Basically use other CLI tools, or shell reading loops, or perhaps even multiple invocations of gawk, to do a conversion ahead-of-time, before the data is given to the primary gawk invocation. Like Ed said, replace each delimiter to all be suffixed by the NULL character. Since that is done before gawk sees any data, gawk could be set to use the NULL character as RS, which would be treated as a plaintext string and not a regex, which means the regex hanging problem never comes into play. From there, the real delimiter and data chunk could be decoded and processed in whatever way you want.

gawk itself might even be able to do the ahead-of-time conversions....as long as each delimiter in question can be found using a plaintext RS and not a regex RS. Be careful of delimiters that contain characters that are special to a regex, as this might cause gawk to treat it as a regex when you aren't expecting it to.

Although I have now marked Ed's answer as the solution, I think that my final end-all solution will be a hybrid of Ed's approach, Kaz's insight, and some subsequent realizations I made thanks to them. Wish I could mark two answers as solutions! Thank you, everyone, for your help, especially Ed Morton and Kaz!


Solution

  • A workaround inserting a shell read loop into the pipeline to carve the original awk input (the OPs actual netcat output) up into individual characters and then feed them to awk one at a time:

    cat example.txt - |
    while IFS= read -r -d '' -N1 char; do printf '%s\0' "$char"; done |
    awk -v RS='\0' '
        /[;=]/ { if (rec != "") { print rec; fflush() }; rec=""; next }
        { rec=rec $0 }
    '
    AAAA
    AAAA
    AAAA
    AAAA
    

    That requires GNU awk or some other that can handle a NUL character as the RS as that's non-POSIX behavior. It does assume your input can't contain NUL bytes, i.e. it's a valid POSIX text "file".

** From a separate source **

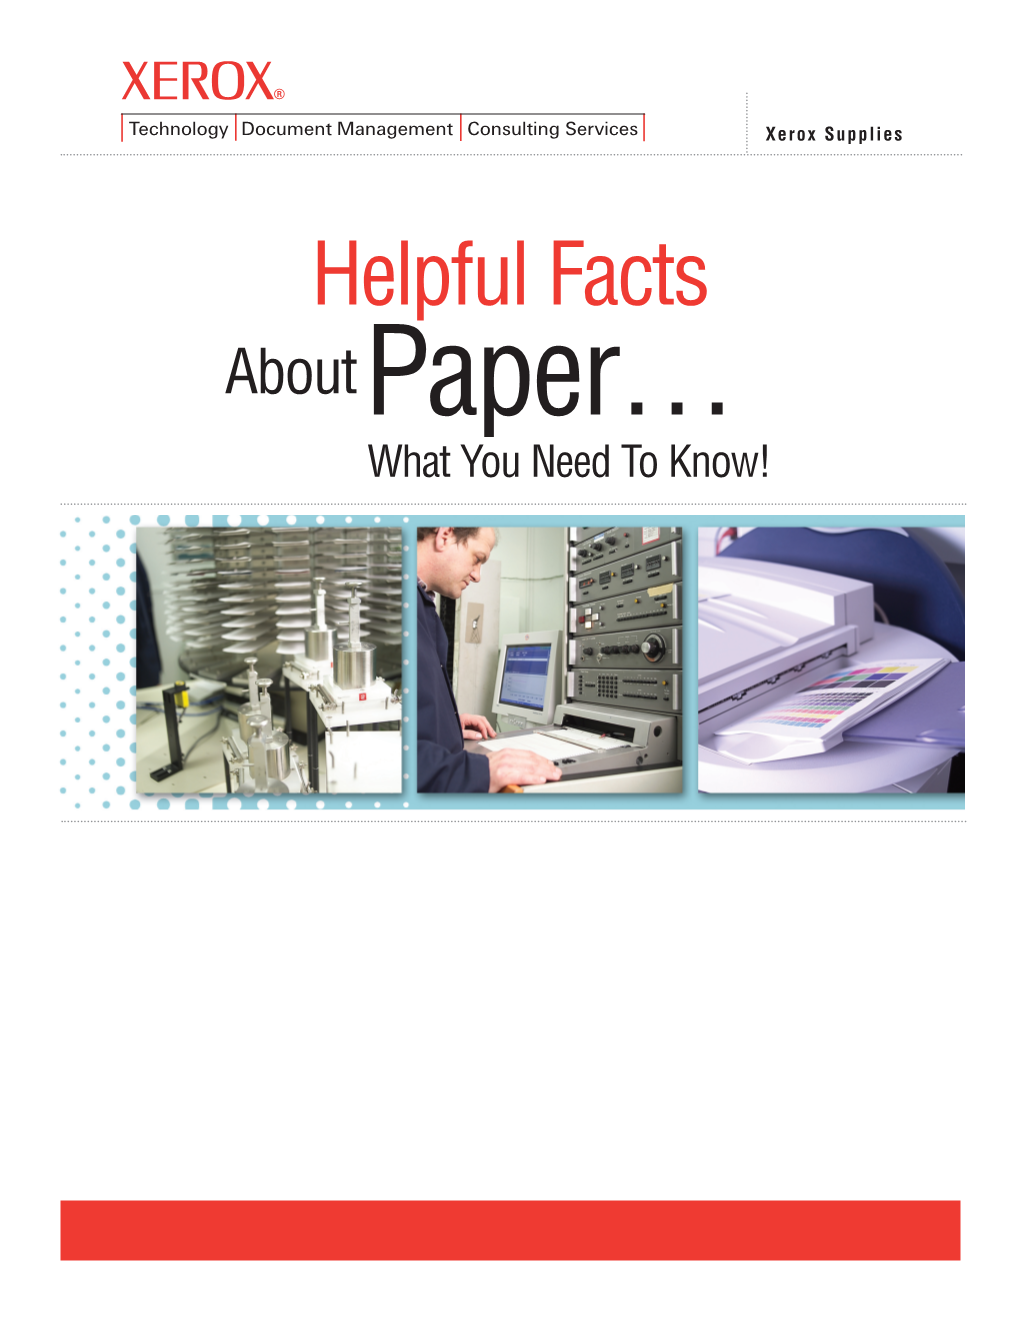 Helpful Facts About Paper (PDF)

    Read on for how we got there if interested...

    I thought there was at least 1 bug here as I found multiple oddities (see below) so I opened a gawk bug report at https://lists.gnu.org/archive/html/bug-gawk/2024-07/msg00006.html but per the gawk provider, Arnold, the differences in behavior in this case are just implementation details of having to read ahead to ensure the regexp matches the right string.

    It seems there are 3 issues at play here, e.g. using GNU awk 5.3.0 on cygwin:

    1. Different supposedly equivalent regexps produce different behavior:
    $ printf 'A;B;C;\n' > file
    
    $ cat file - | awk -v RS='(;|=)' '{print NR, $0}'
    1 A
    
    $ cat file - | awk -v RS=';|=' '{print NR, $0}'
    1 A
    2 B
    
    $ cat file - | awk -v RS='[;=]' '{print NR, $0}'
    1 A
    2 B
    3 C
    

    (;|=), ;|= and [;=] should be equivalent but clearly they aren't in this case.

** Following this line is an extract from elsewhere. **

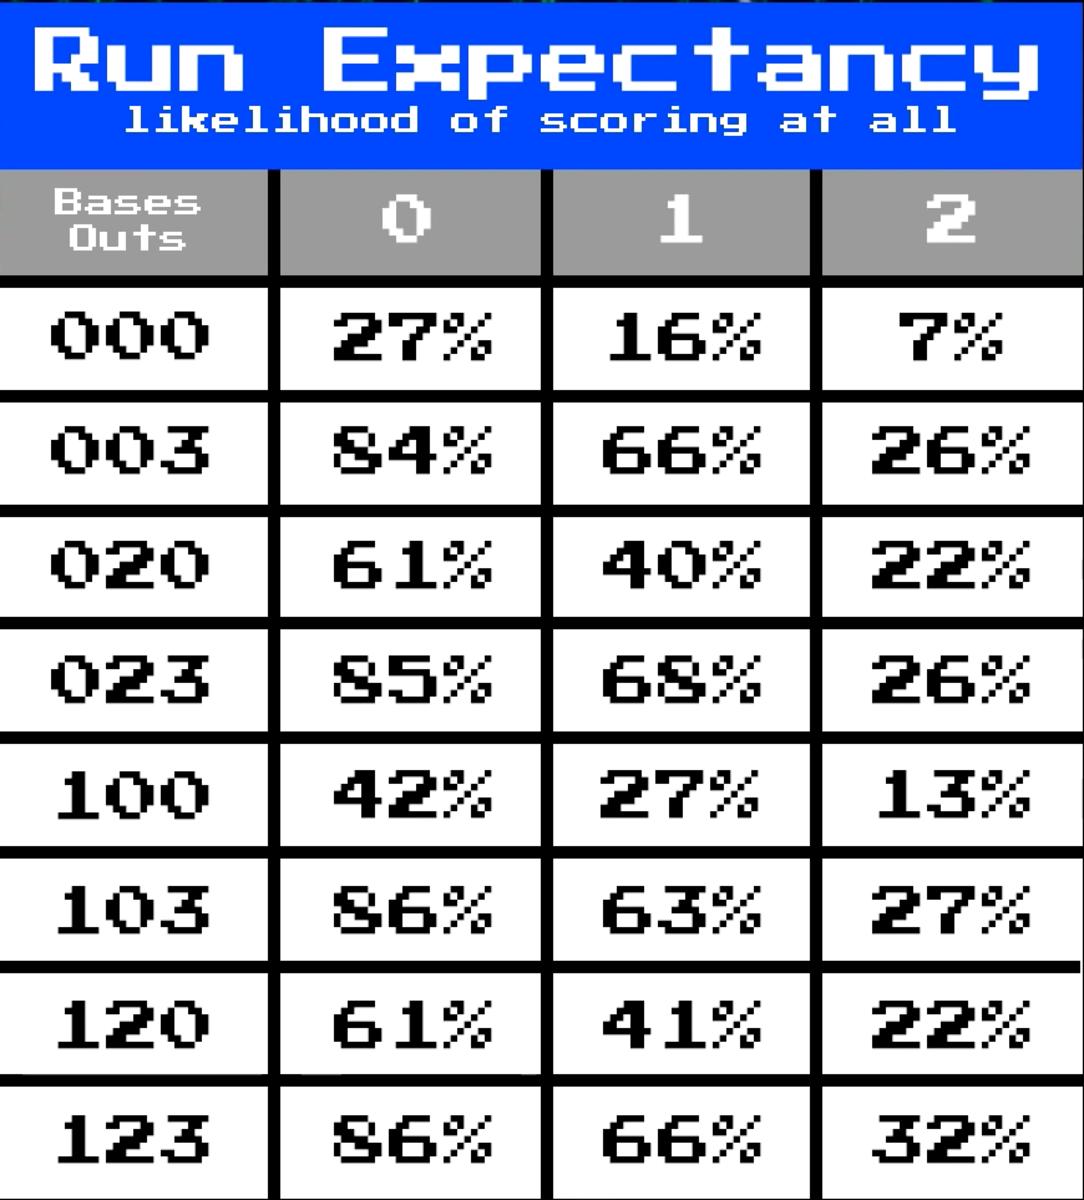 This chart tells us what the likelihood is of a runner scoring in a given inning, based on the outs (columns) and position of runners on base (rows).

    The good news is you can apparently work around that problem using a bracket expression as in the 3rd case above instead of an "or".

    1. The output record trails the input record when the record separator character is the last one in the input, e.g. with no newline after the last ;:
    $ printf 'A;B;C;' > file
    
    $ cat file - | awk -v RS='(;|=)' '{print $0; fflush()}'
    
    $ cat file - | awk -v RS=';|=' '{print $0; fflush()}'
    A
    
    $ cat file - | awk -v RS='[;=]' '{print $0; fflush()}'
    A
    B
    

    The bad news is that that impacts the OPs example:

    $ printf ';AAAA;BBBB;CCCC;DDDD;' > file
    

    With a literal character RS:

    $ cat file - | awk -v RS=';' '{print $0; fflush()}'
    
    AAAA
    BBBB
    CCCC
    DDDD
    

    With a regexp RS that should also make that char literal:

    $ cat file - | awk -v RS='[;]' '{print $0; fflush()}'
    
    AAAA
    BBBB
    CCCC
    
    $ printf ';AAAA;BBBB;CCCC;DDDD;x' > file
    
    $ cat file - | awk -v RS='[;]' '{print $0; fflush()}'
    
    AAAA
    BBBB
    CCCC
    DDDD
    
    1. Adding different characters to the RS bracket expression produces inconsistent behavior (I stumbled across this by accident):
    $ printf 'A;B;C;\n' > file
    
    $ cat file - | awk -v RS='[;|=]' '{print $0; fflush()}'
    A
    
    $ cat file - | awk -v RS='[;a=]' '{print $0; fflush()}'
    A
    B
    C
    

    FWIW I tried setting a timeout:

    $ cat file - | awk -v RS='[;]' 'BEGIN{PROCINFO["-", "READ_TIMEOUT"]=100} {print $0; fflush()}'
    A
    B
    awk: cmd. line:1: (FILENAME=- FNR=3) fatal: error reading input file `-': Connection timed out
    
    $ cat file - | awk -v RS='[;]' -v GAWK_READ_TIMEOUT=1 '{print $0; fflush()}'
    A
    B
    

    and stdbuf to disable buffering:

    $ cat file - | stdbuf -i0 -o0 -e0 awk -v RS='[;]' '{print $0; fflush()}'
    A
    B
    

    and matching every character (thinking I could then use RT ~ /[=;]/ to find the separator):

    $ cat file - | awk -v RS='(.)' '{print RT; fflush()}'
    A
    ;
    B
    ;
    C
    

    but none of them would let me read the last record separator so at this point I don't know what the OP could do to successfully read the last record of continuing input using a regexp other than something like this:

    $ printf 'A;B;C;' > file
    
    $ cat file - |
        while IFS= read -r -d '' -N1 char; do printf '%s\0' "$char"; done |
        awk -v RS='\0' '/[;=]/ { print rec; fflush(); rec=""; next } { rec=rec $0 }'
    A
    B
    C
    

    and using the OPs sample input but with different text per record to make the mapping of input to output records clearer:

    $ printf '=AAAA=BBBB;CCCC;DDDD=' > example.txt
    
    $ cat example.txt - |
        while IFS= read -r -d '' -N1 char; do printf '%s\0' "$char"; done |
        awk -v RS='\0' '/[;=]/ { print rec; fflush(); rec=""; next } { rec=rec $0 }'
    
    AAAA
    BBBB
    CCCC
    DDDD
    

    We're using NUL chars as the delimiters and various options above to make the shell read loop robust enough to handle blank lines and other white space in the input, see https://unix.stackexchange.com/a/49585/133219 and https://unix.stackexchange.com/a/169765/133219 for details on those issues. We're additionally using a NUL char for the awk RS so it can distinguish between newlines coming from the original input vs a newline as a terminating character being added by the shell printf, otherwise rec in the awk script could never contain a newline as they'd ALL be consumed by matching the default RS.

    We're using a pipe to/from the while-read loop instead of process substitution just to ease clarity since the OP is already using pipes.